- **WORK INSTRUCTION**: In the material below, find the line containing "Vaude Women's Resca" and output it and all lines after it exactly, through the last one, without the pictures.
[RAW DATA — start]
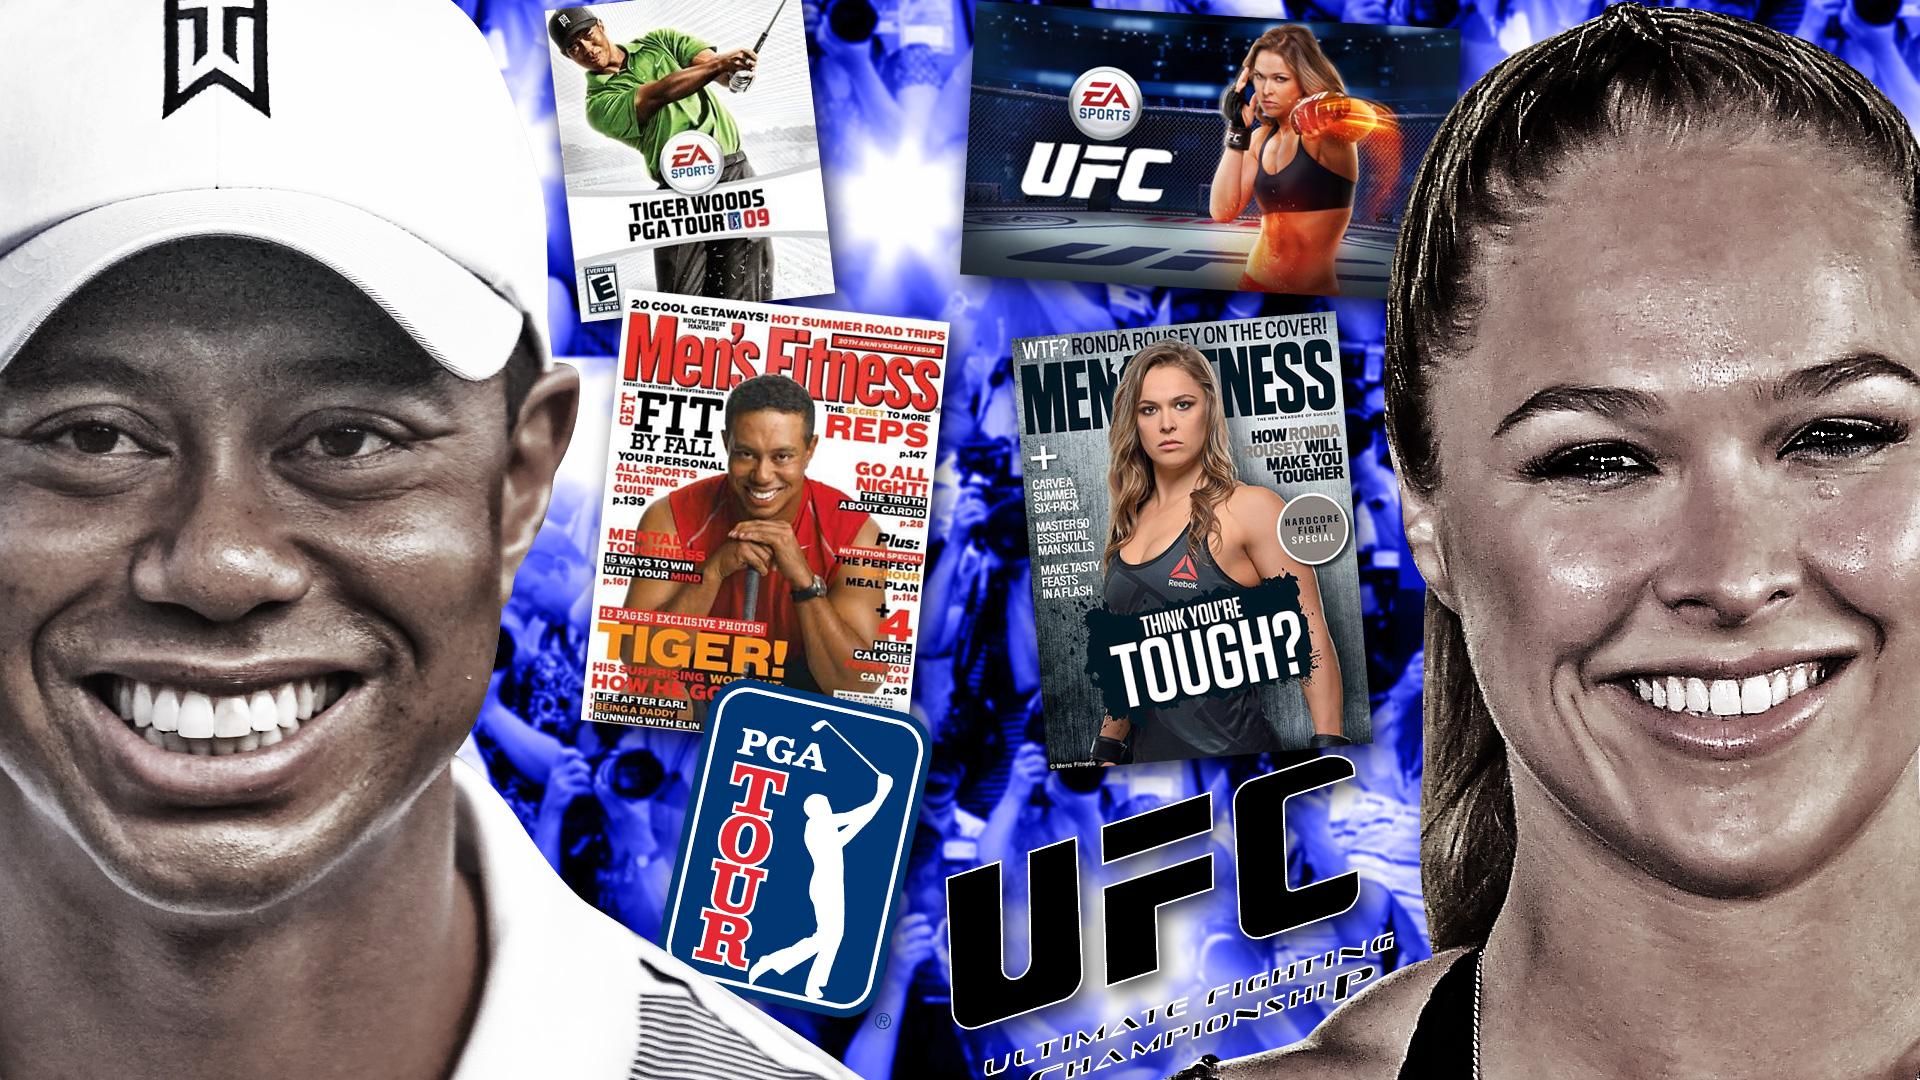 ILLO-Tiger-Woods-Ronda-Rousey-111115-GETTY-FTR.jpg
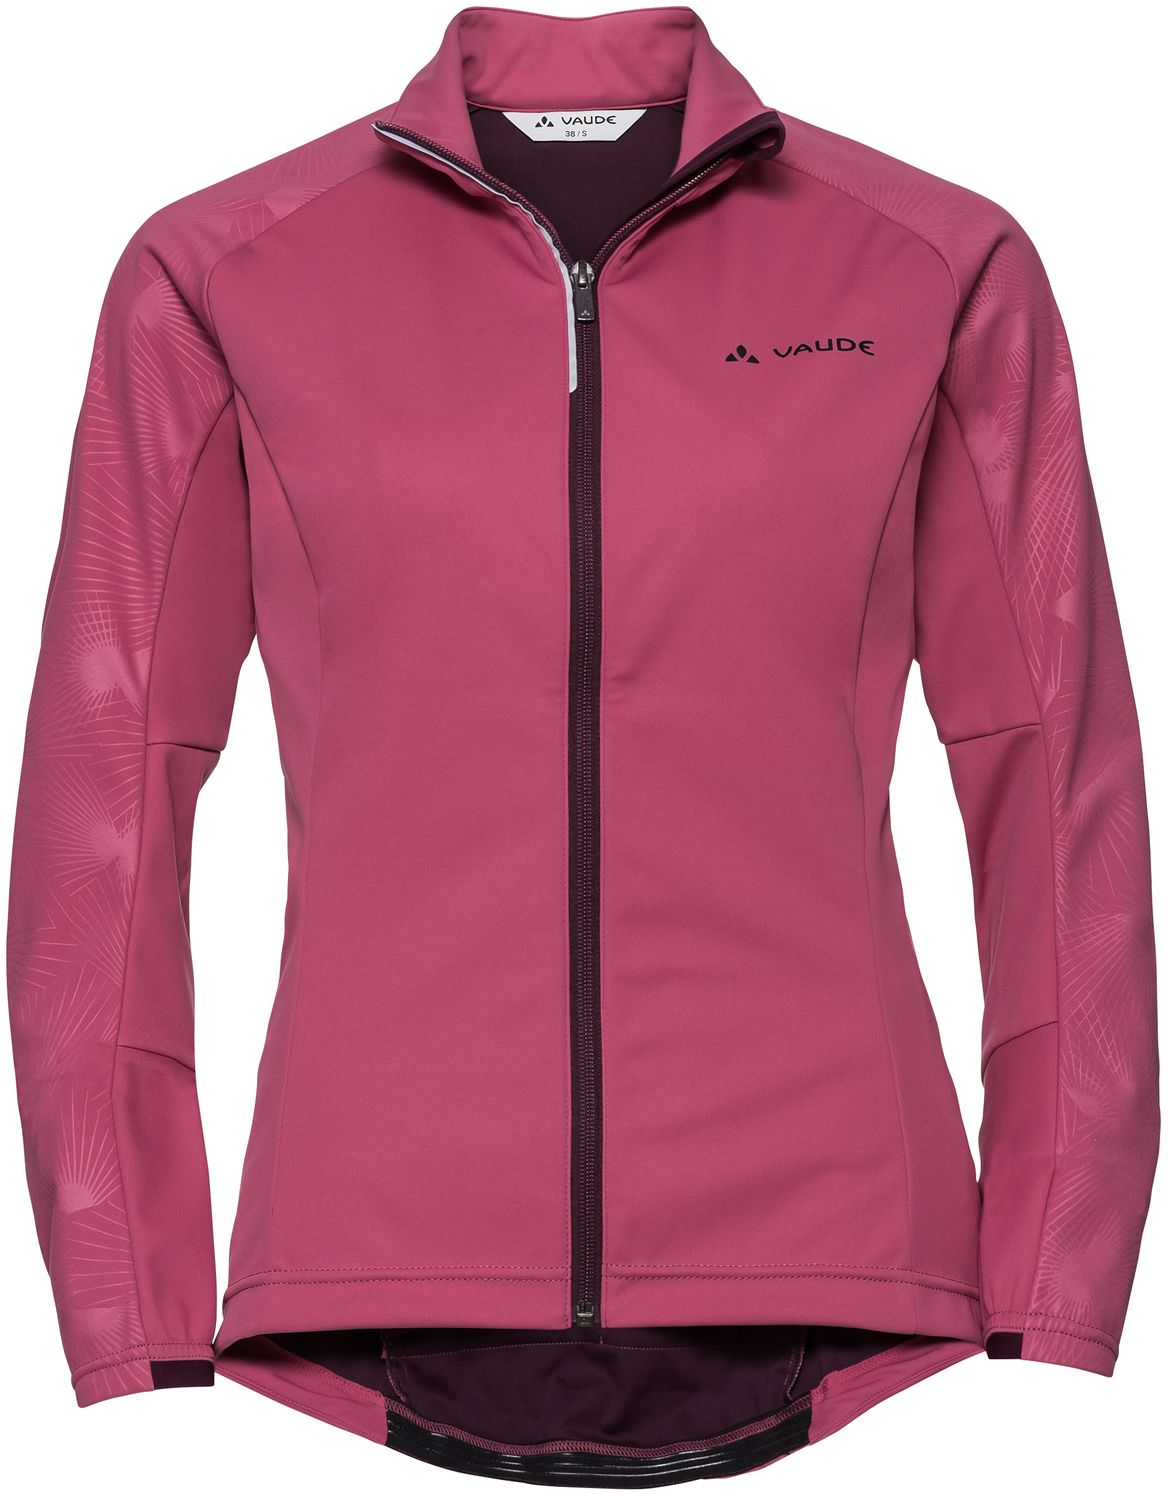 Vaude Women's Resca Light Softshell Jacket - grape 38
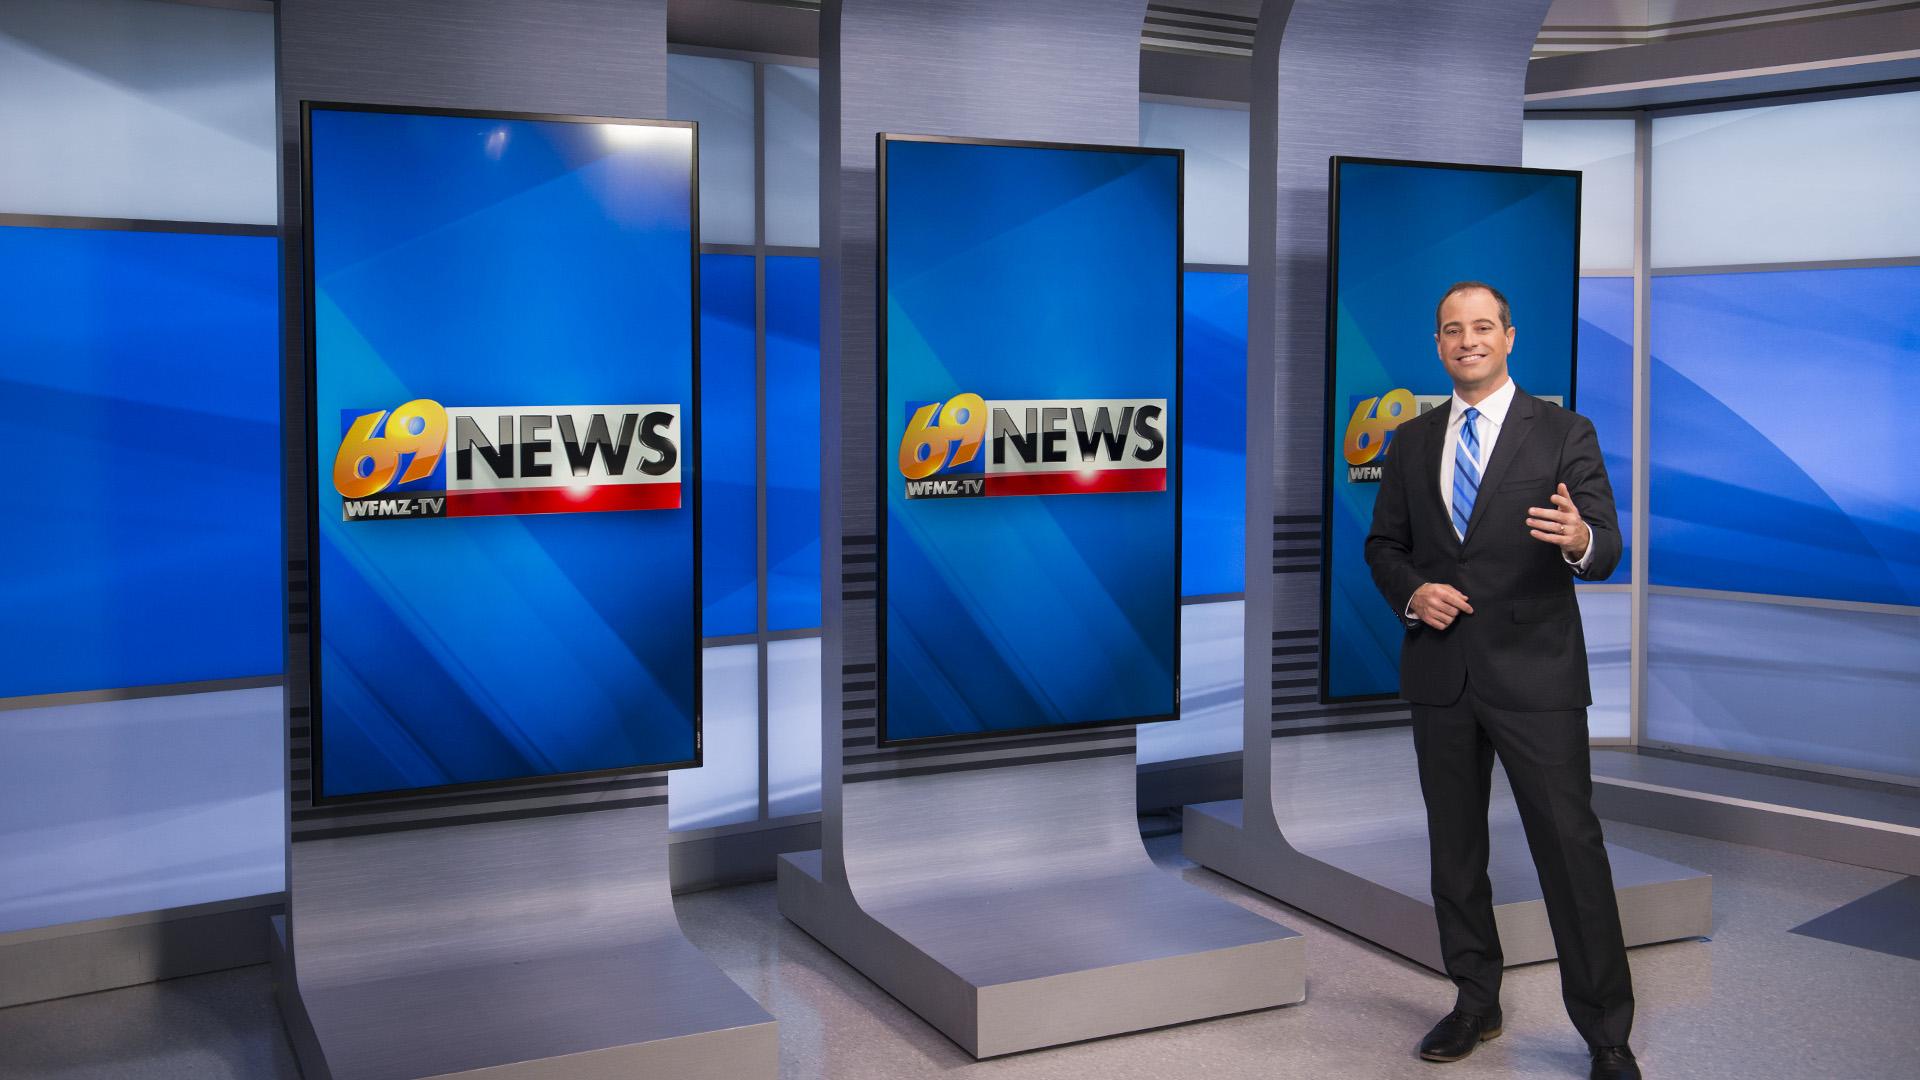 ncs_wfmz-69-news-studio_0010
[RAW DATA — finish]
- **ANSWER AREA**:
 Vaude Women's Resca Light Softshell Jacket - grape 38
 ncs_wfmz-69-news-studio_0010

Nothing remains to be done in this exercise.